HYROK, Edition Spéciale

13 décembre 2010

Les histoires d’amour finissent bien en général, jugez plutôt : Ayant cet automne sauvé des eaux Louison Rascoli, Violette Vance (dite Vio), Hope Rascoli-Vance et Luciolo Badalamenti, valeureux protagonistes de HYROK — roman édité par la maison Léo Scheer du 18 septembre 2009 au 29 septembre 2010 —, j’ai tout loisir désormais de faire ce que bon me semble de ces personnages, de cet ouvrage déjà « culte » selon certains nez creux — très en avance sur leur temps, est-il utile de le préciser. J’en ai récupéré 67 exemplaires neufs et fringants, de ce pavé. On dit « racheter le stock ». C’est très émouvant d’avoir cette petite montagne de cellulose à la maison, d’entendre ces respirations, ces petits cris étouffés, ces étranges retrouvailles (parfois ça me réveille la nuit). A quoi vais-je maintenant les destiner ? vers quel horizon ?
Je pourrais couler tout ça dans du polyméthacrylate de méthyle, en faire un pouf design, un hyroking-chair, symbole tranquille d’un désastre éditorial (où, je le rappelle pour ceux qui n’auraient pas suivi, on a tenté de vendre le premier livre d’un inconnu sans attachée de presse, sans promotion d’aucune sorte, sans s’en occuper ; en somme : dans le silence navré des limbes ; ce qui est difficile — et c’est un euphémisme). Mais j’ai des doutes sur l’innocuité du plastique (voir post précédent).
Je pourrais en faire des confettis pour l’An Nouveau, joyeuse poussière, faire table rase de cette affaire, repartir « sur de bonnes bases coco ». Mais la petite Vio en hachis Parmentier ça ne me plaît guère — à elle non plus, déjà qu’avec le « pilon » des « retours » elle hurlait comme une sirène belge ! Non, pas les confettis alors. Promis, tite Vio.
Je pourrais en faire une tapisserie géante, ou mille abat-jour (sans « s » à jour, bien sûr), faire danser ce petit monde dans la lumière en attendant la suite de HYROK (je n’ai pas de date mais c’est prévu) ; ce serait déjà plus pertinent. Le jeu avec lumière.
Je pourrais aussi donner suite aux demandes incessantes — au harcèlement — des vingt-trois éditeurs qui me cassent les dattes depuis le matin du 30 septembre pour rééditer ce « chef-d’oeuvre » dans des conditions « fantastiques ! idéales ! sans précédent, monsieur ! Vous allez voir ! ». En profiter pour leur demander 35% sur les ventes (énormes, on n’en doute pas un instant), plutôt que 10.

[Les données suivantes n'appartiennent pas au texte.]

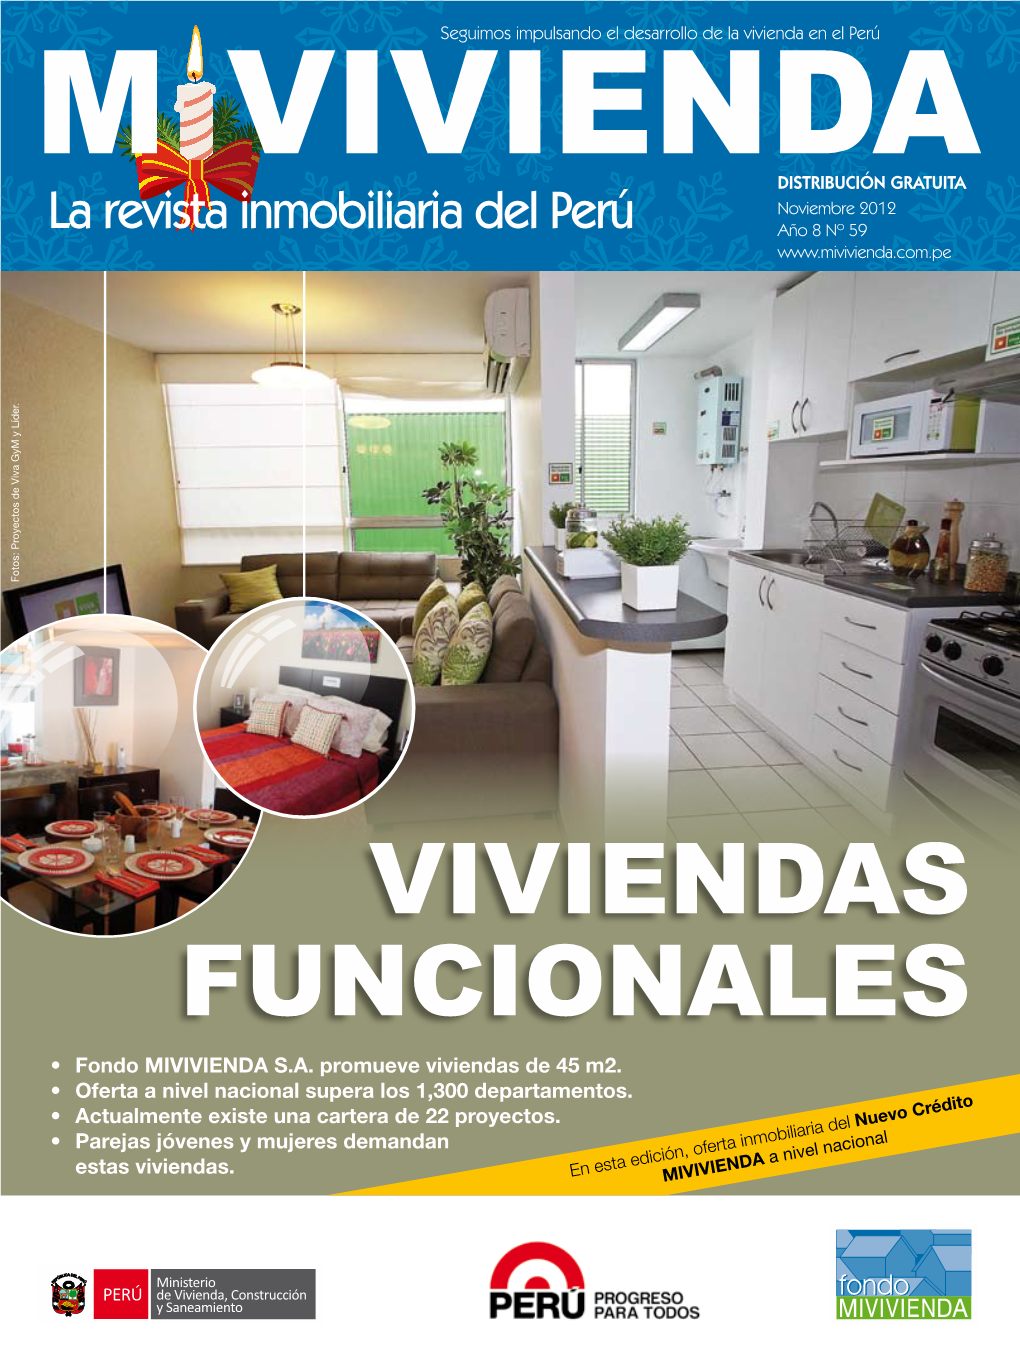 VIVIENDAS FUNCIONALES • Fondo MIVIVIENDA S.A

Mais non. C’est trop tôt. (Et les enchères ne sont pas assez intéressantes ; voyons Messieurs, vous n’y êtes guère…)

Pour l’heure, je vais me contenter de mettre en vente 50 exemplaires numérotés de ce que j’ai pu sauver de cette première édition. Avec mes petits muscles et mes dix doigts glacés. Au prix de vingt-cinq euros l’unité, envoi compris (en France, courrier normal), et selon le protocole suivant :

– dédicace personnalisée en page de garde ;
– timbre à sec bas-relief de mon logo et signature ;
– numérotation croissante 1 à 50 « Collector » ;
– ajout de la mention « jusqu’au 29 septembre 2010  » suivie d’un paraphe NLR, à la suite des mots Editions Léo Scheer en couverture. (Procédé qui évite le fastidieux, assez laid, et surtout devenu inutile « caviardage du nom de l’éditeur » — secret de Polichinelle à l’heure du web…)

Voilà m’sieurs dames. Je me marre. La vie est belle, I am free. D’ores et déjà : BON NOËL !

PS :
Pour lire la quatrième de couverture, c’est ICI. Des avis et .
Pour me contacter par mail (et obtenir mes coordonnées postales, commander en envoyant un chèque…), l’adresse se trouve en haut à droite de la page principale de ce blog (brossegherta@…)

HYROK, les chiffres

12 octobre 2010

©Jim Shaw

Certains ont pu voir, ces derniers temps, que je m’intéressais aux nombres, aux chiffres (à leur représentation). C’est qu’ils sont comme les images, ils parlent, ils signifient. J’aime beaucoup les chiffres. Or je viens de recevoir, de mon cher éditeur – un moment que je l’attendais –, le premier arrêté de comptes pour mon roman, HYROK, paru il y a un an précisément. J’en ai profité pour faire un petit bilan – chiffré donc – de cette expérience humaine riche en enseignements que fut l’aventure, totale et stupéfiante, de la rédaction et de la publication de ce « grand premier roman » – je reprends ici l’expression d’une des mes peu nombreuses (mais ô combien fidèles) admiratrices. C’est donc avec une réjouissance non feinte, presque fébrile, que je m’empresse ci-dessous de vous faire partager ces données « chiffrées »… (D’autant qu’on aborde, selon certains observateurs drôlement perspicaces, l’ère de la « transparence ». Soyons précurseurs.)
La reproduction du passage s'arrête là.